First-lien assets take the cake in a year with strong H1 origination numbers…
Assets originated by business development companies are still overwhelmingly first-lien loans. Four of the past five quarters, those assets have been more than 70 percent of the new originations.
The snapshot shows that BDCs may be sensitive to market sentiment as they originate assets. The fourth quarter of last year, when volatility reigned, and the second quarter of this year, with the hint of worrying economic data, saw the largest number of first-lien assets originated.
Total origination for the year appears relatively robust, if not on track to meet last year’s total. The $19.19 billion originated in the first half of the year is more than the total amount of assets originated in 2016 and almost three-quarters the amount originated in 2017.
…which is causing an uptick in total first-lien assets held
As the credit cycle has worn on, the amount of first-lien loans held by BDCs has increased. Looking back at the fourth quarter of 2016, only 54.14 percent of total BDC assets were first lien; by the second quarter of this year, that number had increased to 66.56 percent.
The amount of subordinated debt has noticeably decreased from 12.72 percent down to 5.47 percent. Part of the decrease may have come from BDCs with heavy mezzanine exposure like Triangle Capital Corporation (now Barings BDC) being sold.
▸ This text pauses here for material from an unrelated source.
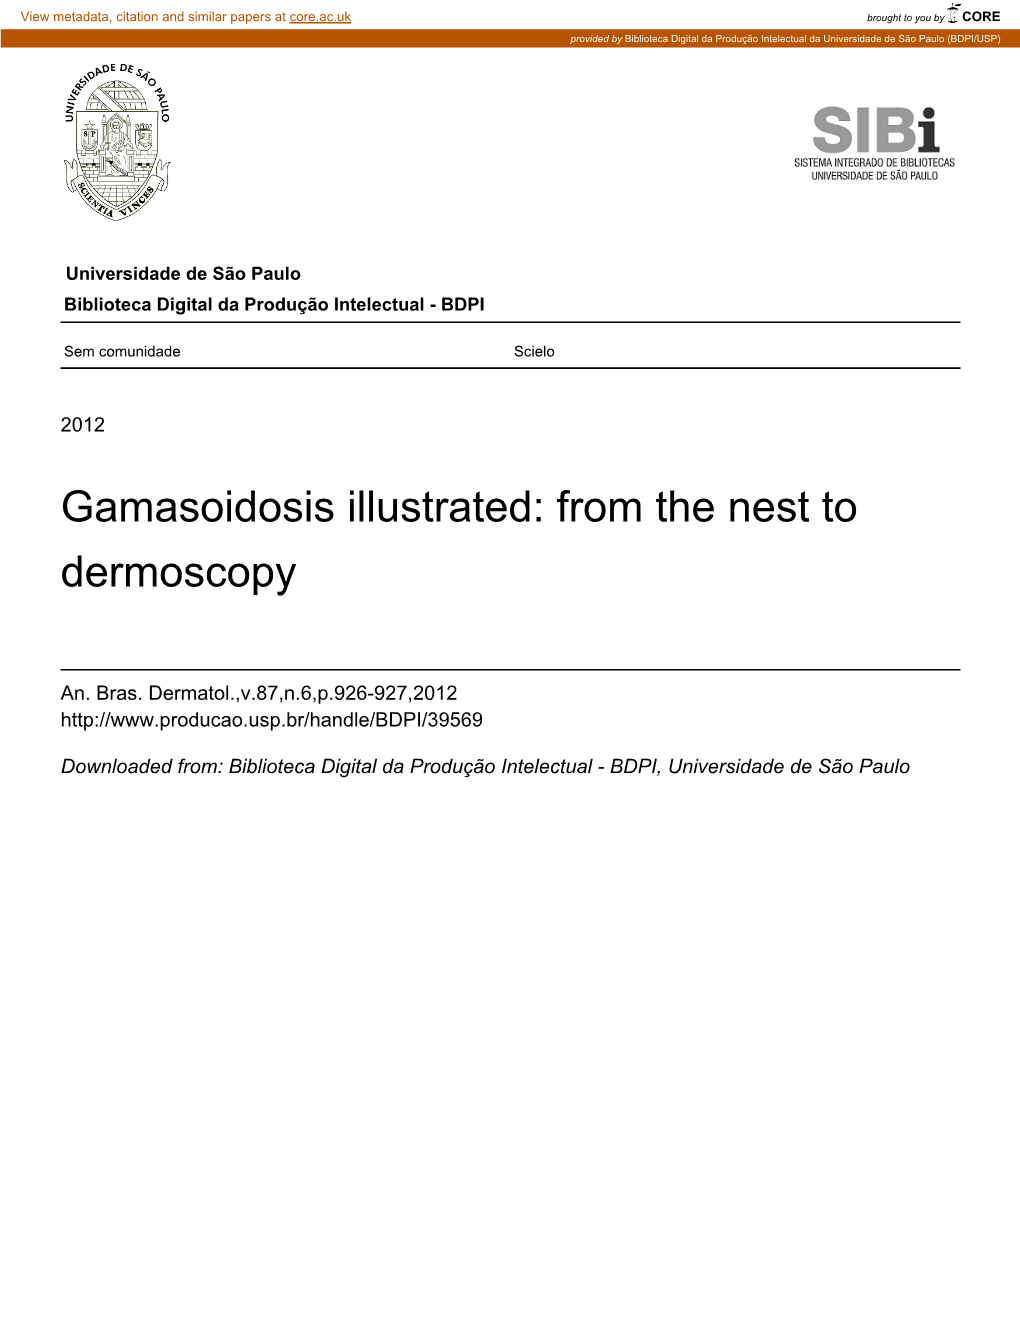 Gamasoidosis Illustrated: from the Nest to Dermoscopy

More BDC assets trade at distressed prices on the secondaries market than among all the secondaries market holdings
Of the overall secondaries market, 2.7 percent is considered distressed. For BDC assets, however, that number is 4.8 percent. Among those names are retail and energy businesses – two sectors that have seen more than their share of financial distress in recent years.
FS Investments’ private business development companies – FS Investment Corporation II, FSIC III, FSIC IV and FS Energy and Power Fund – lead the way in holdings of the top 10 loans that have lost the most value this year. The FS vehicles hold five of the 10 positions.
Institutional investors are getting BDC fever
BDC capital raised by type can fluctuate annually, but in recent years institutional investors have warmed to the vehicles. While many institutional investors prefer private funds, the total institutional capital collected by BDCs has risen since 2015. That increase has come in both the actual dollars raised and the percentage of private institutional capital compared with other sources of BDC capital.
A number of BDCs have taken advantage of this in recent years as they raised substantial capital in the private markets before going public, the most recent two being Bain Capital Specialty Finance and Owl Rock Capital Corporation.